Düşman işi iyi biliyor. Bazen sağdan, bazen soldan yanaşarak bizi kandırıyor. Biz saf insanlar da “daha iyisini yaparım, şunu bir bitireyim”, “yarın başlayacağım, kararlıyım” gibi iyi niyetlerle bahanelerimizi sıralıyoruz. Bunun, şeytanın işi ve tuzağı olduğunu ne yazık ki göremiyoruz. Böyle düşündüğümüz içinde, sanıyoruz ki, bu işler biter ya da yarınlar gelir.Şeytana ve nefsimize uyduğumuz müddetçe bunların sonu gelmez. Şeytan bıkmadan usanmadan çalışıyor ve başarılı oluyor. Bizler ondan daha iyi olmalı değil miyiz. Şeytan “anı yaşıyor” bizler “yarını” bekliyoruz. Halbuki, biliyoruz yarın çok geç olabilir ama yine de, yine de bekliyoruz. Allah’ım; bize dar vakitlerin, ne kadar bereketli olduğunu göster. Bu dar olduğunu sandığımız vakitlerde ertelenmeden yaptığımız amellerin, geriye dönüp baktığımızda ne kadar fazla olabileceğini göster.Peygamber Efendimiz (s.a.v.)in "..erteleyenler helak oldu" hadisini anlamayı ve aklımızda tutup da, bu bilinçle yaşamayı nasip et. Müminin yarını olur mu? Elbette ki olmaz. O geleceğe değil, bu güne bakar ve anı yaşayıp nasiplenmeye çalışır. Bu günü için çalışır ve inşallah yarınını kazanır.Rabbim, bana ve sevdiklerime ve ümmeti Muhammed’e çok geç olmadan uyanmayı nasip et. Nasip et ki yarın geldiğinde “geç” olmasın.
- - - - - -

Bir söz vardır ‘isteyene verilir’derler, daha iki sayı evvel demiştim ki “Halamın oğlu Nuri ağabeymin dergi hakkında benden iki isteği vardı. Biri dergide bana ait olan bir yazı, ikincisi görsellik. Görsellik için bir adım attık. İnşallah diğer isteğini de yerine getirebilirim, hayırlısı ile” diye. İstemekde, yapmakda ve bulmakda Rabbimin rızası iledir. Siz istediniz, ben gayret ettim, Rabbimde nasip etti Hamd olsun. Yukarıda yayınlanan yazı naçizane bana ait. Elbette ki öyle güzel bir yazı değil, e biliyorsunuz ben de bir yazar değilim.. Eniştem ve Nuri abim yazmamı istediler ben de onların isteklerini yerine getirmeye çalıştım. Böyle bir istekte bulunmakta haksızda sayılmazlar aslında, dergi çıkartmak gibi külfetli bir işi üstlendiysem şayet, bu kadarını da yapmam gerekiyor sanırım. Sizlerden gördüğüm destek, hem derginin içeriği açısından hem de benim yazma konusundaki gayretim açısından, hayra vesile olup, her sayıda daha iyi olmamızı sağlayacaktır inşallah. Gayret ve istek bizden(gayreti istemeyi verende O’dur) hayır ve güzele ulaştırmak Allah’tan. Selam ve dua ile…

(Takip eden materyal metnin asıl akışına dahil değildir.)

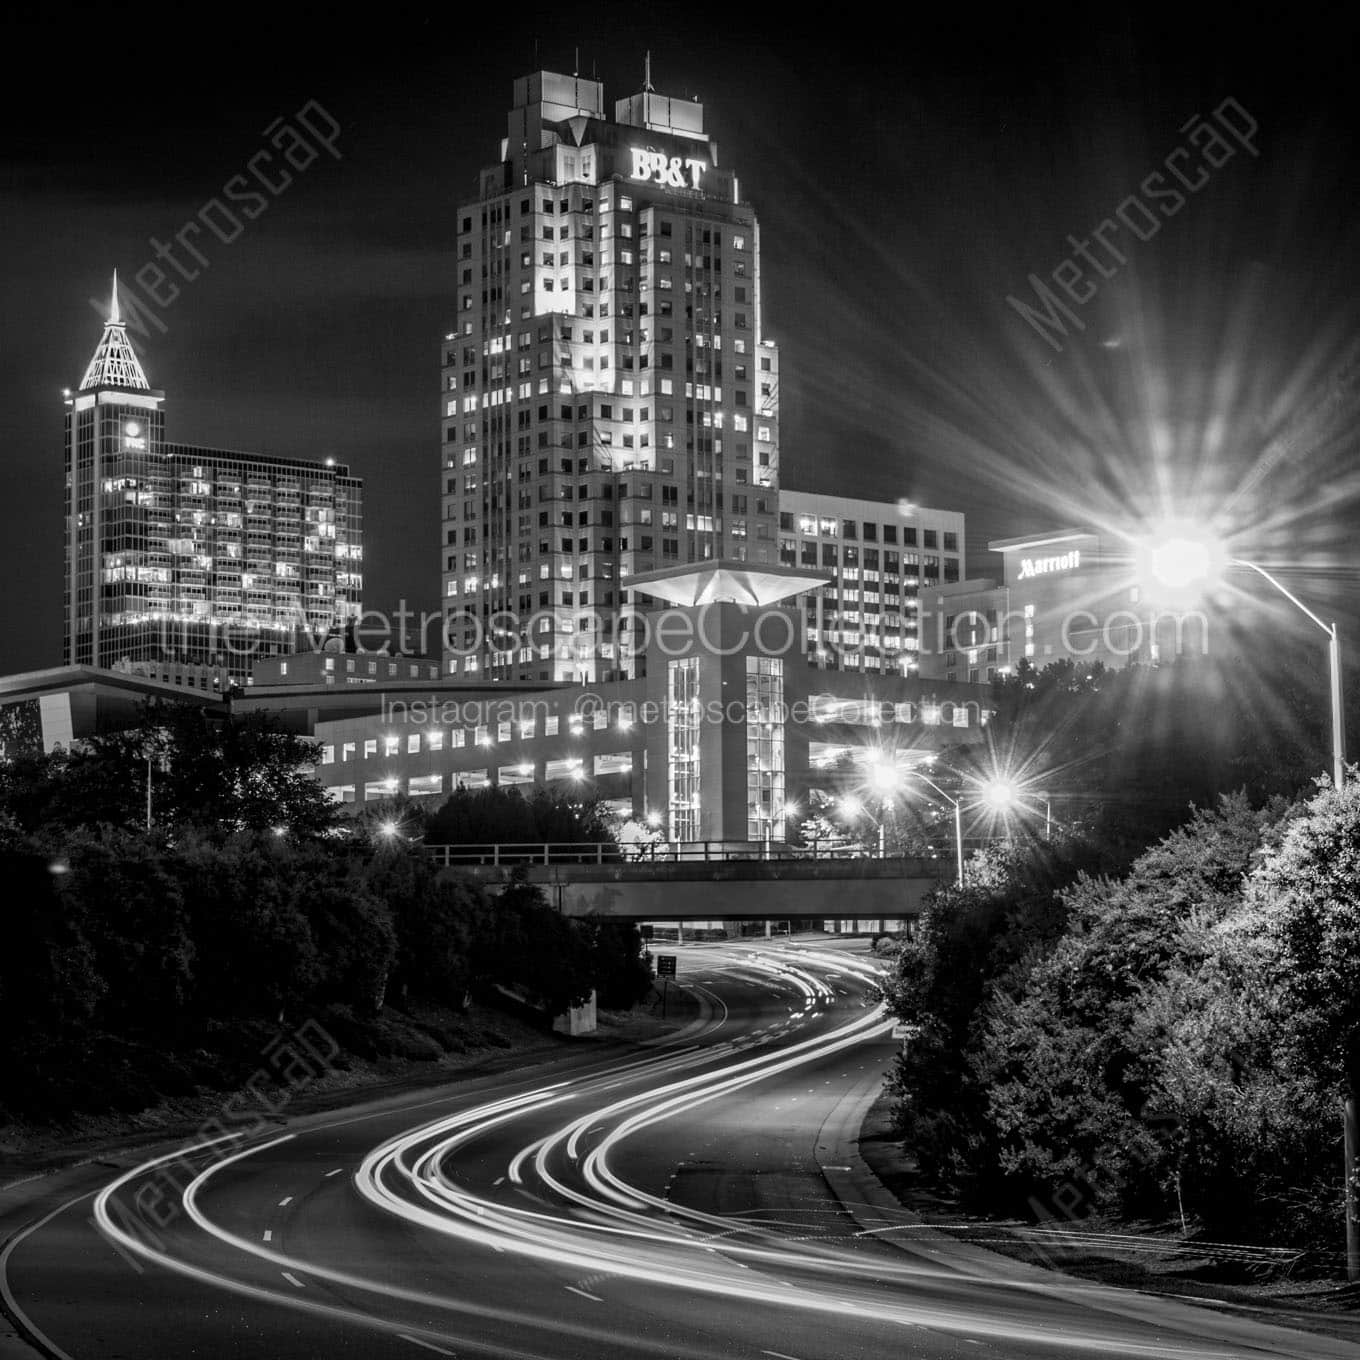 downtown raleigh nc skyline at night mcdowell Black & White Office Art

Dergimizin 19. sayısında, Mustafa İslamoğlu hocamızın güzel bir yazısı, Halil Günenç hocanın günlük hayatımızda karşılaştığımız sorulara verdiği cevaplar, Peygamberimizin (as.) sünneti seniyesi, 18. sayıda yayınladığım hikayenin 2. bölümü ve Kırkambar var.. Keyifli okumalar.
Not: Bu sene Hacca niyetlenen, Recep Nuri Şeyma Hacer Balkanoğlu ailesine ve Hüdaverdi Arzu Kerimoğlu çiftine, Rabbimden kabul olunan hac, ibadet ve dualar diliyorum. Hayırlısı ile gidip gelsinler inşallah… Niyetlenipde gidemeyen Eniştem ve Ablamada, seneye hayırlısı ile gitmeyi nasip etmesini de Rabbimden niyaz ediyorum.


şehvar 1

Günümüz Meselelerine Fetvalar/ Halil Günenç

Soru 1- Eşim İslam’a inanıyor. Fakat İslam’ı yaşamıyor. Namaz kılmadığı gibi tesettüre de riayet etmiyor. Bunu için ızdırap içerisindeyim. Bir çok defa onu boşamak istiyorum. Sonra masum yavrularımızı hatırlayıp vazgeçiyorum. Eşim, İslam’ı yaşamadığı için onu boşamam gerekir mi?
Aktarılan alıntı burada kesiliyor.